Un o de los importantes anuncios presidenciales del 25 de julio, en la ceremonia de la Fuerza Naval fue excluir de la Fuerza Pública (Fuerzas Armadas y Policía) las tareas de seguridad en la protección del gobernante, de los representantes de las funciones del poder, altos funcionarios y su entorno, así como las de inteligencia sobre civiles y de investigación política y criminal.
Además anunció una nueva concepción del servicio militar para formar reservas, pasando de la figura del servicio obligatorio -conscripción, por meses, algo menos de un año-, a la formación y actualización anual de reservistas, lo que podría llamarse “un pueblo en armas”.
Puede no ser el caso, pero la visión de conjunto que podría tenerse es la preocupación de infiltraciones de países extranjeros -puntualmente de los Estados Unidos- o de poderes fácticos en la institucionalidad jerarquizada, que usualmente se ha vinculado en América Latina y en el mundo con desestabilizaciones de gobernantes y su derrocamiento.
Hay que recordar el macabro chiste que en Washington no hay golpes de Estado, porque no hay Embajada “yanqui”.
Pero, desde otra visión, frente a gobiernos autoritarios, surgen inquietudes.
En el Ecuador, tiempo atrás, se dieron episodios que deben recordarse.
En el gobierno de Arroyo del Río, 1940-1944, después del Protocolo de Río de Janeiro, frente a la reacción nacional, Arroyo optó por fortalecer a la fuerza de Carabineros -antecedente de la Policía Nacional- con un mando afín al poder. De hecho, los carabineros pasaron a ser la fuerza represiva del Gobierno, por eso el levantamiento civil-militar de la Revolución del 28 de Mayo de 1944, a cuya vanguardia civil estuvo la izquierda ecuatoriana, aun cuando luego se le entregó el poder a Velasco Ibarra, se materializó en la toma del cuartel de Carabineros de Guayaquil, con muertos e incendio del cuartel, y la ejecución de quienes personalizaban la “pesquisa” de entonces.
El levantamiento civil de Guayaquil del 2 y 3 de junio de 1959, contra el presidente Camilo Ponce, se direccionó a varios frentes, uno de éstos fue el incendio de la Pesquisa, que dependía directamente del Ministerio de Gobierno, no de la Policía Nacional.
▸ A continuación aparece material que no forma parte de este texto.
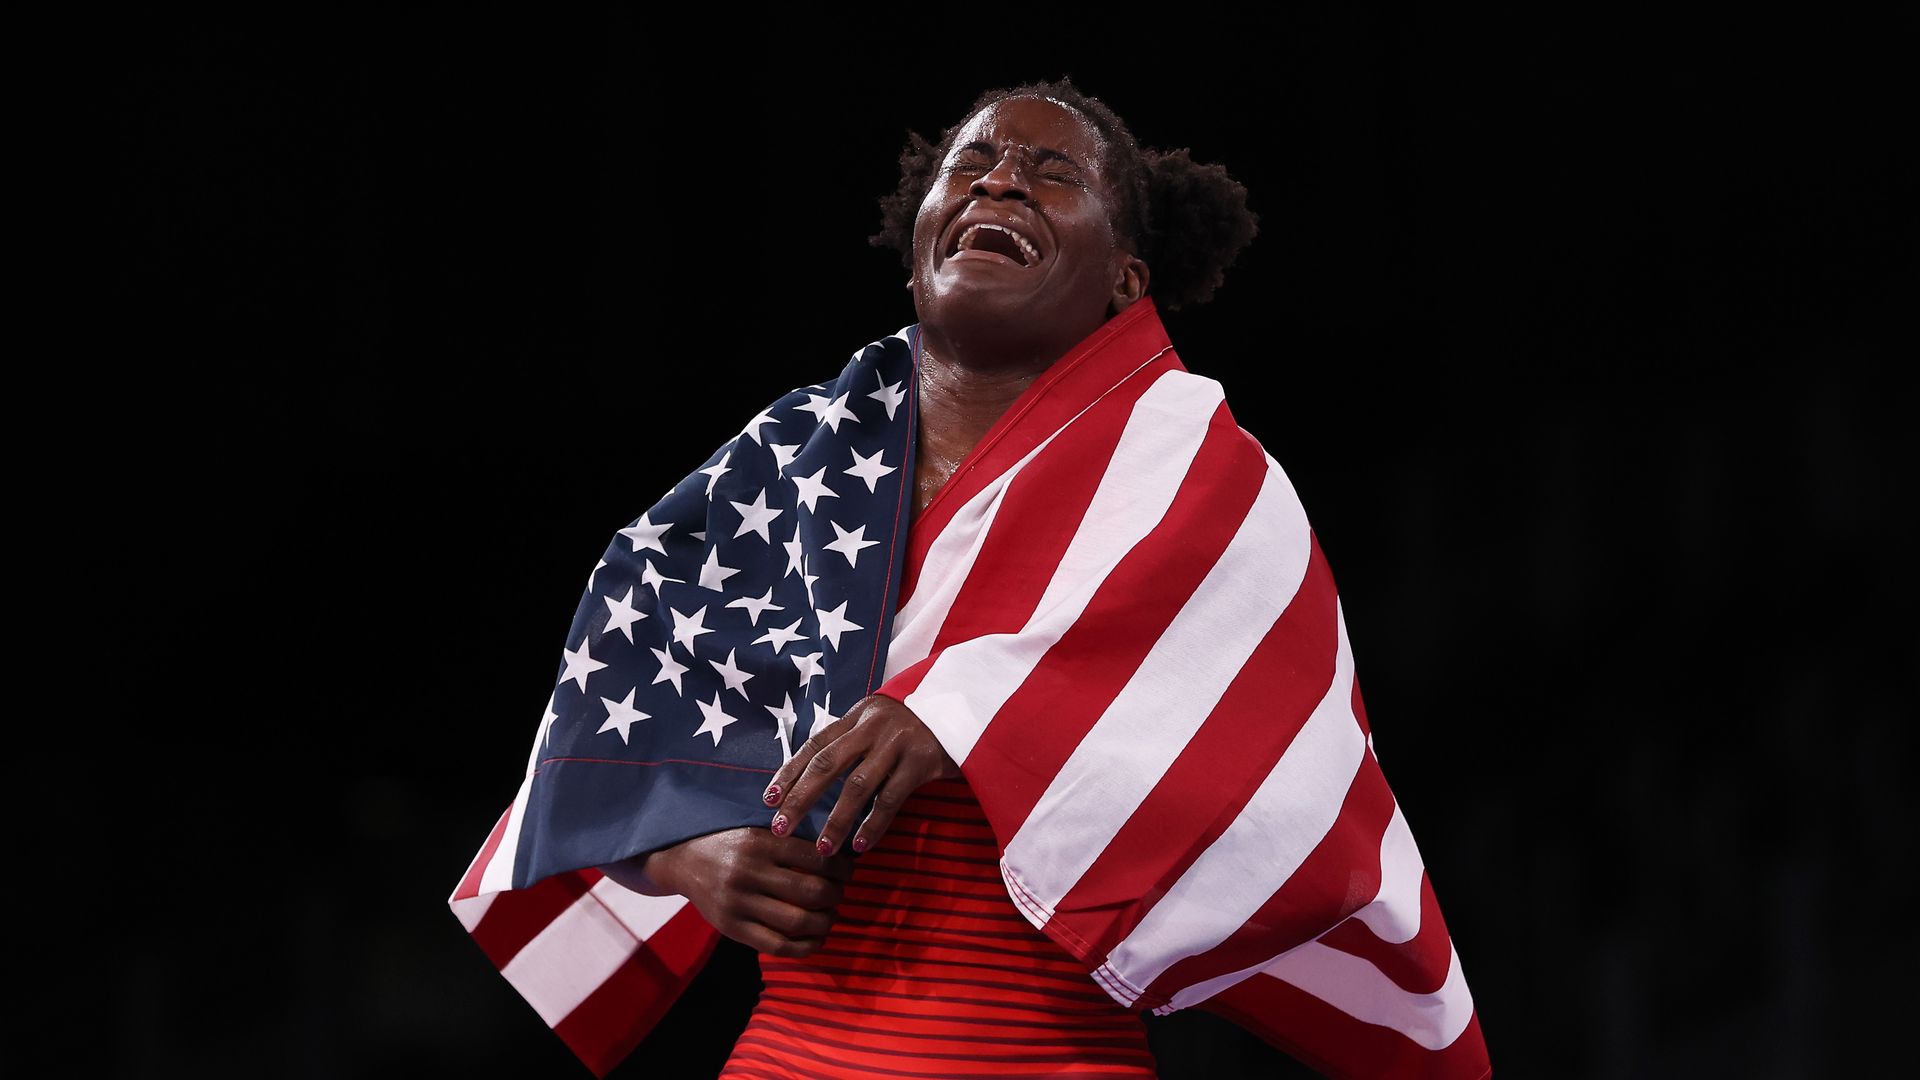 USA's Tamyra Mariama Mensah-Stock  celebrates beating Blessing Oborududu of Nigeria in the Women's Freestyle 68kg Gold Medal Match at the Olympic Games on August 03, 2021 in Chiba, Japan.

Con estos antecedentes y otros, desde los años sesenta se fue concienciando que la seguridad -y posibilidad de represión- que provenga del Estado y las operaciones de inteligencia y de investigación política y criminal debían responder a la jerarquización de la institucionalización de la Fuerza Pública, no a las odiosidades ni a las visceralidades de quienes estén en el poder.
¿Conviene a la democracia colocar las tareas de seguridad -y de represión-, inteligencia e investigación bajo los actores políticos de un gobierno? ¿O fortalecer la institucionalidad del Estado en esas tareas?